A protection order requires that the person concerned shall not use or threaten to use violence against, molest or put in fear the applicant or a dependant. The provision has been held to be constitutional even in the case of an ex parte/unilateral order because the protection order does not affect the property rights of the respondent and is therefore subject to less stringent scrutiny from a Constitutional perspective than a barring order.
Breach of a safety order, barring order, interim order or protection order is an offence. The person concerned, the respondent, is subject on summary conviction to a fine of up to €1,970 or, at the discretion of the court, to imprisonment for a term of up to 12 months or both.
When a barring or interim order is in force, it is also an offence to prevent or refuse the applicant or a dependent person concerned from entering and remaining in the place to which the order relates.
Other Family Orders
The court may, in the course of an application for a barring order, without the necessity for separate proceedings, hear matters in relation to Guardianship of Infant Acts and maintenance orders under the Family Home Protection Act or the Child Care Act.
Child Care Act & HSE
In proceedings under the Act, where it appears to the court that it may be appropriate for a care order or a supervision order to be made under the Child Care Act in respect of the dependent person, the court may, of its own motion or on the application of persons concerned, adjourn proceedings and direct the HSE to undertake an investigation into the circumstances of the dependant. The court may give directions in relation to care and custody in the interim. It may make a supervision order under the Child Care Act while the investigation takes place.

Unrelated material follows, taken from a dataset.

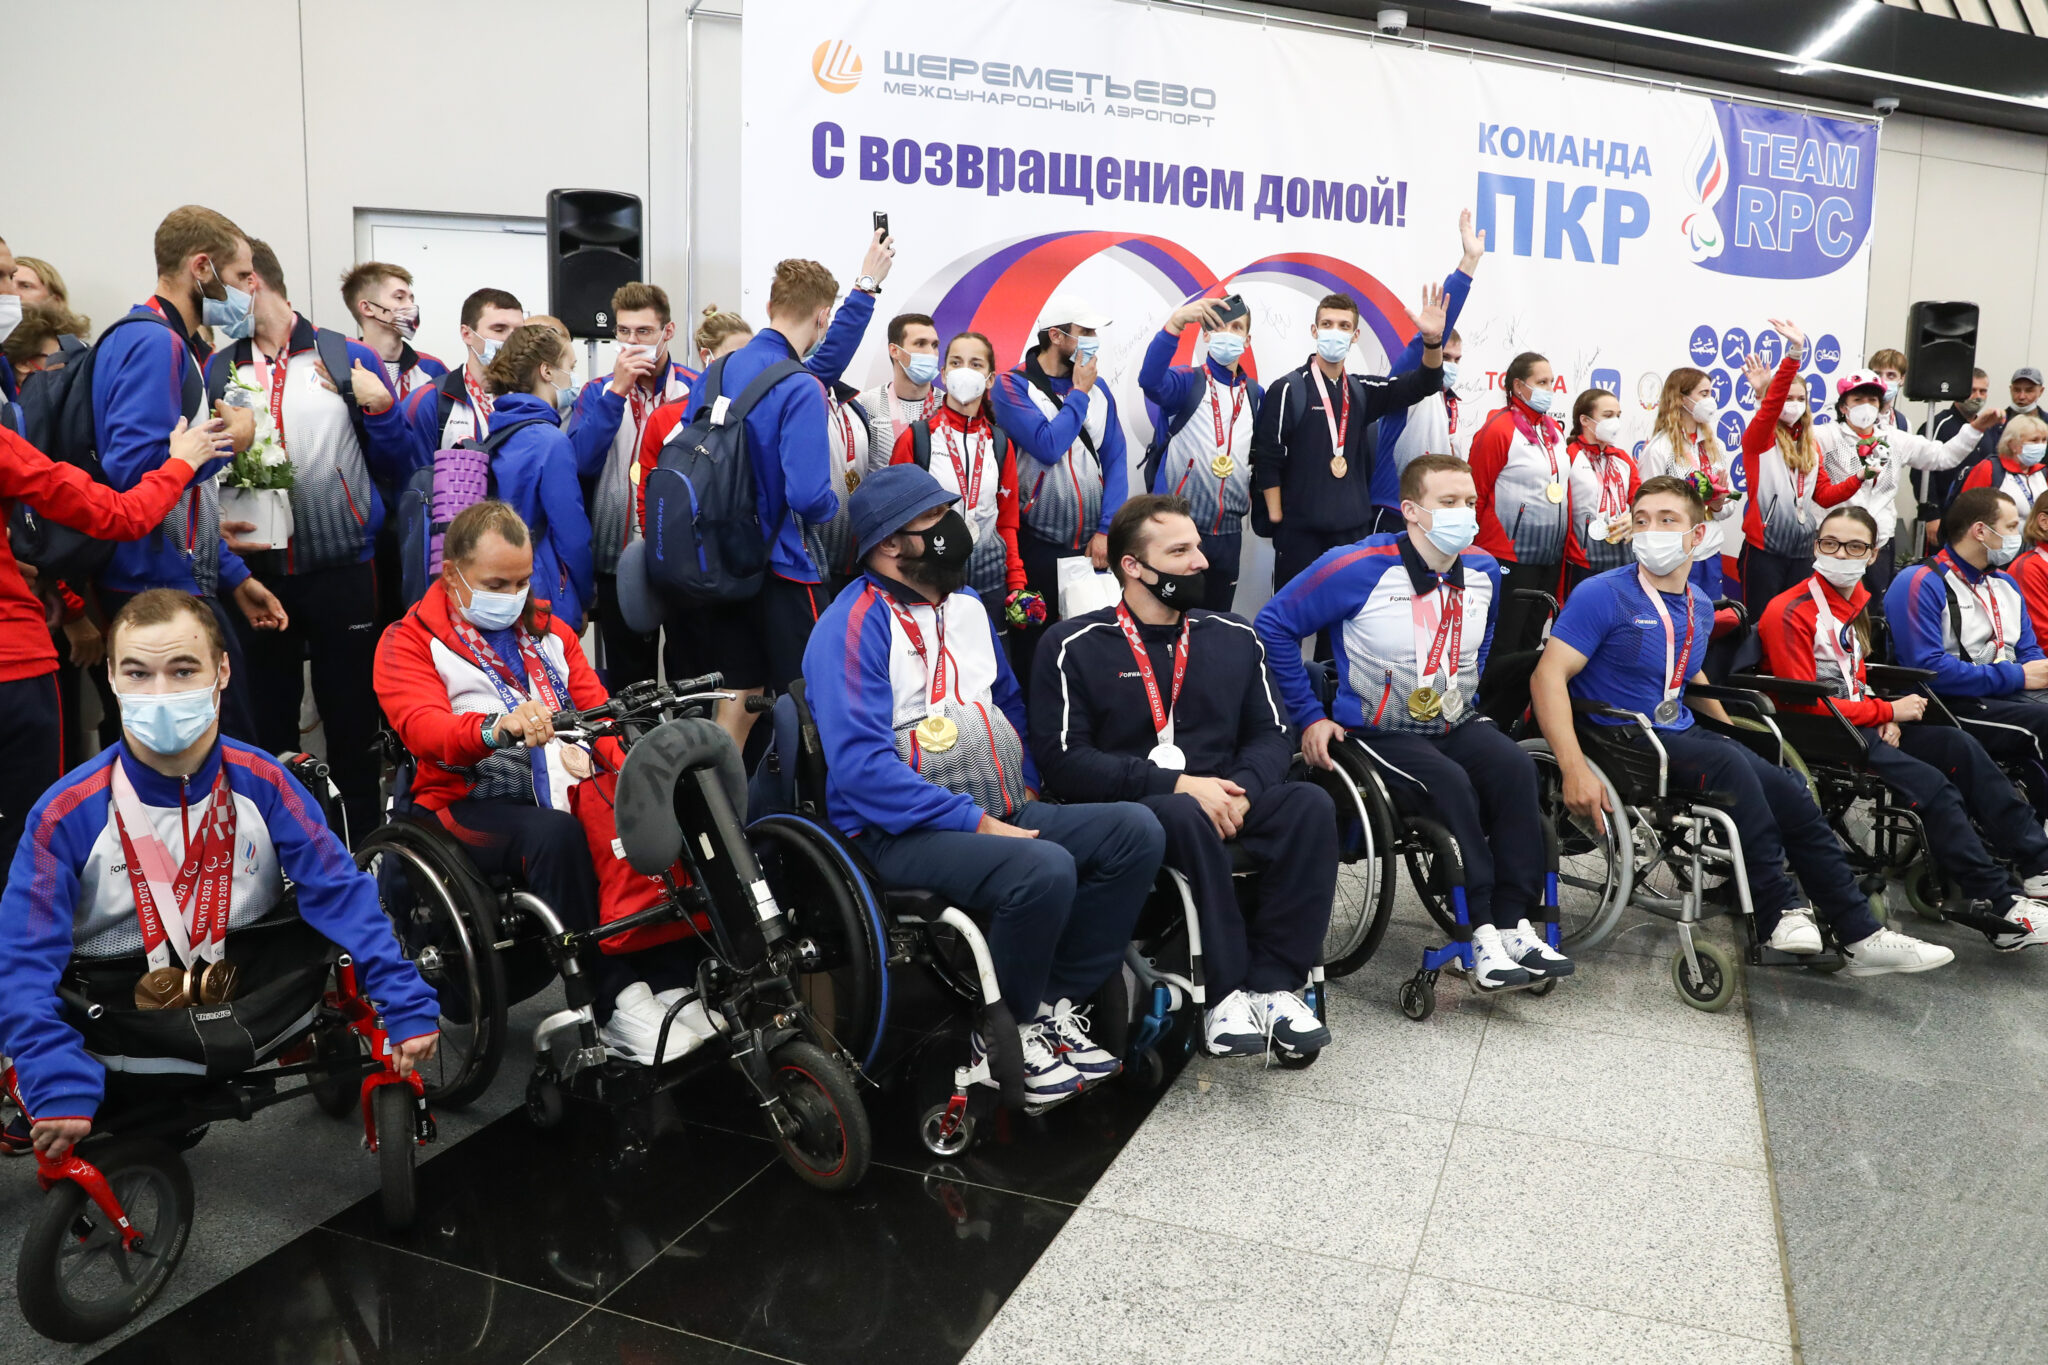 Встреча паоалимпийцев в Шереметьево. Фото Stanislav Krasilnikov/TASS/Scanpix/Leta
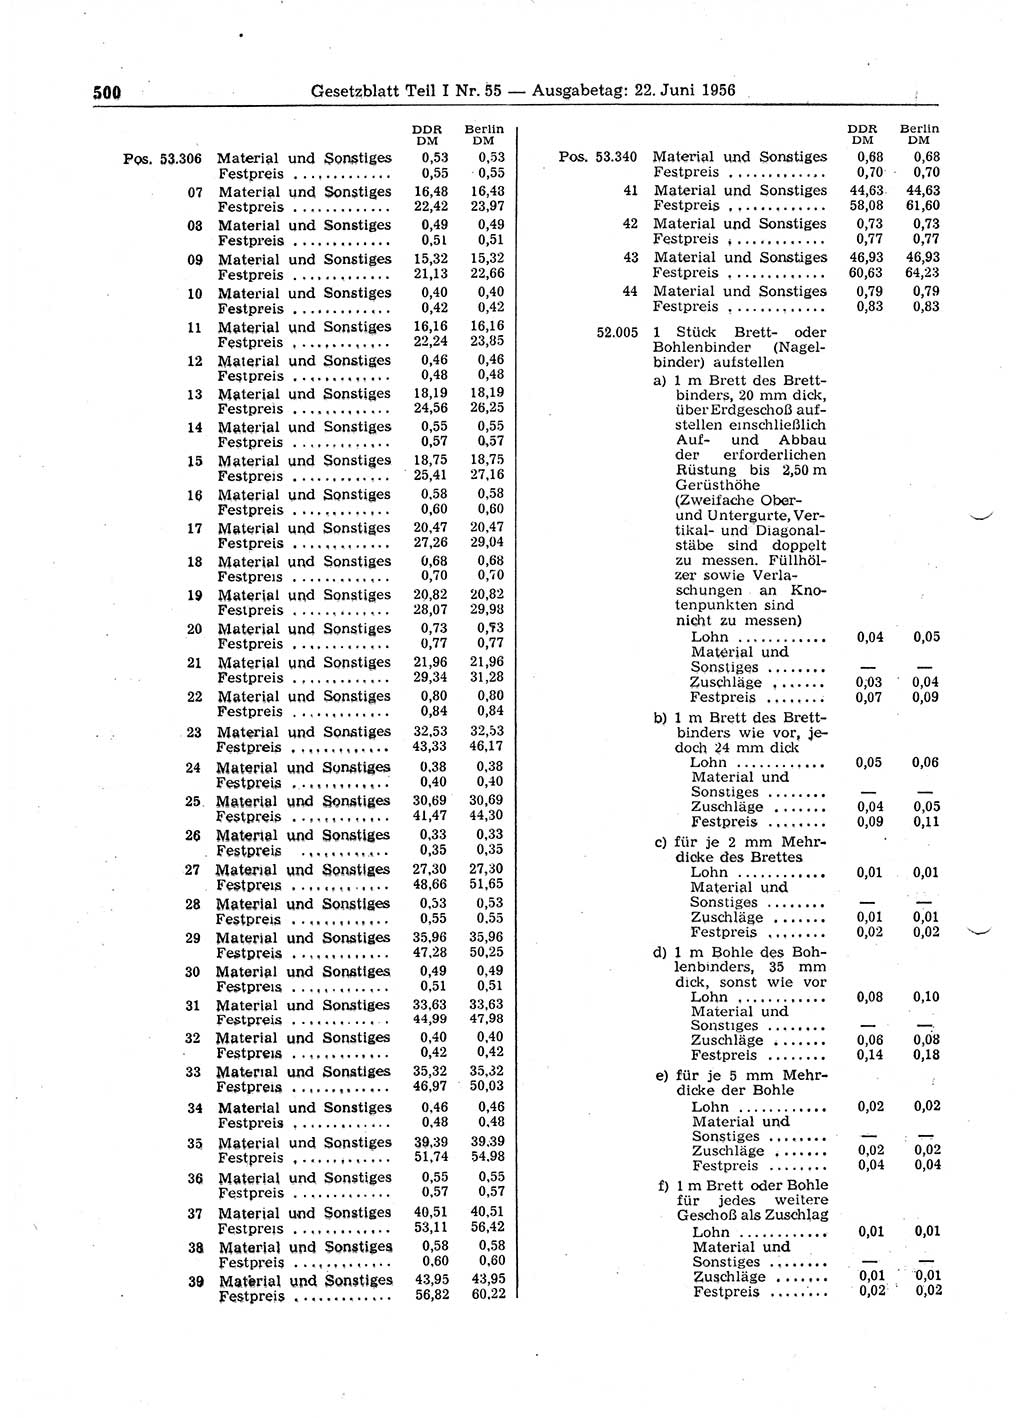 Gesetzblatt (GBl.) der Deutschen Demokratischen Republik (DDR) Teil Ⅰ 1956, Seite 500 (GBl. DDR Ⅰ 1956, S. 500)

The HSE may take proceedings on behalf of a party entitled to apply for relief. The court has discretion in deciding whether to make an order on foot of an application. The HSE may take proceedings if it:
- is aware, through its officers, of an incident or a series of incidents which causes it to be concerned for the safety or welfare of the person;
- has reasonable grounds to believe that the person has been subject to molestation, violence or threatened violence or has been put in fear for his safety or welfare;
- is of the opinion that there are reasonable grounds for believing that the person would be deterred or prevented, as a consequence of molestation, violence or threatened violence by the respondent or fear of the respondent, in pursuing an application for a safety order or barring order on his own behalf; and
- has ascertained in so far as reasonably practicable the wishes of the person concerned.
Proceedings under the Act, as with other family proceedings, are held otherwise than in public. The legislation provides that officers of the court, parties, legal representatives, witnesses and such other parties as the judge may allow, are permitted to be present in the court.
There is no specific right for others to attend. The courts have, in practice, allowed a so-called McKenzie Friend to assist a party in the course of hearings in proceedings. The McKenzie Friend may be allowed to attend a non-represented litigant in some cases, to assist him, take notes and quietly make suggestions. However, the court must be sensitive to the general statutory provisions which require the in-camera rule to apply in family cases. There must generally be evidence that a fair hearing cannot be otherwise secured, in the sense of the constitutional right to fair procedures.
Following some cases, the Civil Registration Act 2004 provides that nothing contained in legislation is to operate to prohibit a party to proceedings concerned from being accompanied in court by another person, subject to the approval of the court and any such directions as it may give. This may permit the court to allow a party to be accompanied by a friend to provide support and reassurance.